After the rats were euthanized as earlier described, 250 μL of whole blood was collected and diluted with RPMI 1640 medium at a ratio of 1 : 1, resulting in a total volume of 500 μL. Approximately 2 μL of a stimulator/blocker solution was added to the diluted blood and then incubated at 37°C in 5% CO2 for 4 h. After centrifugation and removal of the supernatant, red blood cell lysis buffer was added (2 mL/100 μL whole blood), and the mixture was incubated in the dark for 10 min. Then, the samples were centrifuged to remove the supernatant, and then 5 μL of FITC-labeled anti-CD4 was added and thoroughly mixed. After incubation in the dark at 2–8°C for 15 min, 2 mL of a staining buffer was added to resuspend the cells, followed by centrifugation at 1,200 rpm for 5 min. After removing the supernatant, 250 μL of a Fix/Perm buffer was added, mixed, and then incubated in the dark at 2–8°C for 20 min, at which an additional 1 mL of 1× Perm/Wash buffer was added and mixed. After centrifugation, part of the supernatant was removed, leaving 250 μL of liquid, upon which 1 mL 1× Perm/Wash buffer was added to resuspend the cells. After another centrifugation at 1,200 rpm for 5 min, the supernatant was removed and 80 μL to 100 μL of the stain buffer was added to resuspend cells, to which 5 μL of PE-labeled IL-17A antibody was added, mixed, and incubated in the dark for 30 min. Next, 2 mL of 1× Perm/Wash buffer was added to resuspend the cells, which were again centrifuged at 1,200 rpm for 5 min, and then the supernatant was removed. Finally, 500 μL of the stain buffer was added to resuspend the cells, which were then passed through a 300-μm filter, followed by flow cytometry analysis.

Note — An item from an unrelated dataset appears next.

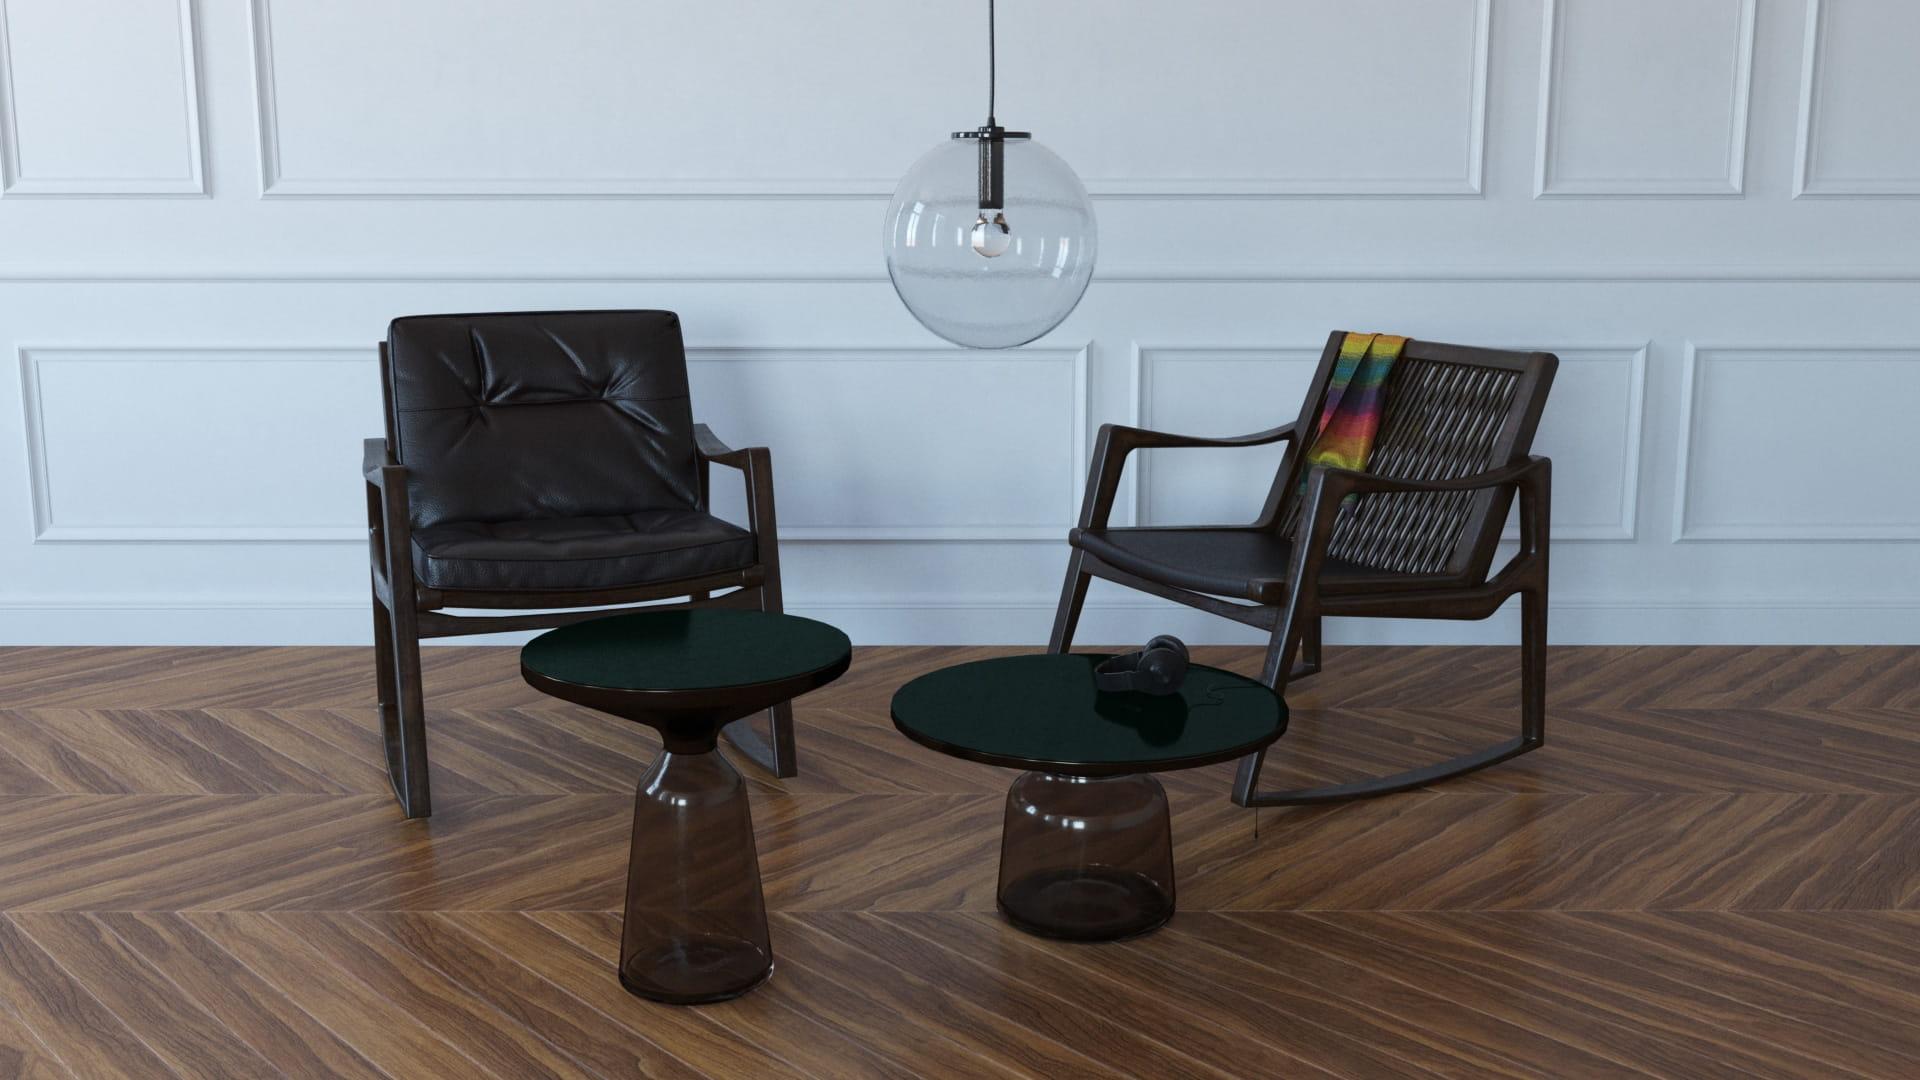 furniture set 26 AM253

2.8. HE Staining of Foot Joints

After the rats were euthanized, the foot joints were collected and fixed with 4% paraformaldehyde, followed by a series of processes, including fixation, decalcification, deacidification, dehydration, embedding, and sectioning. The tissue sections were examined under a microscope.

2.9. Blood Tests

After the rats were euthanized, 3 mL whole blood was collected for routine blood testing.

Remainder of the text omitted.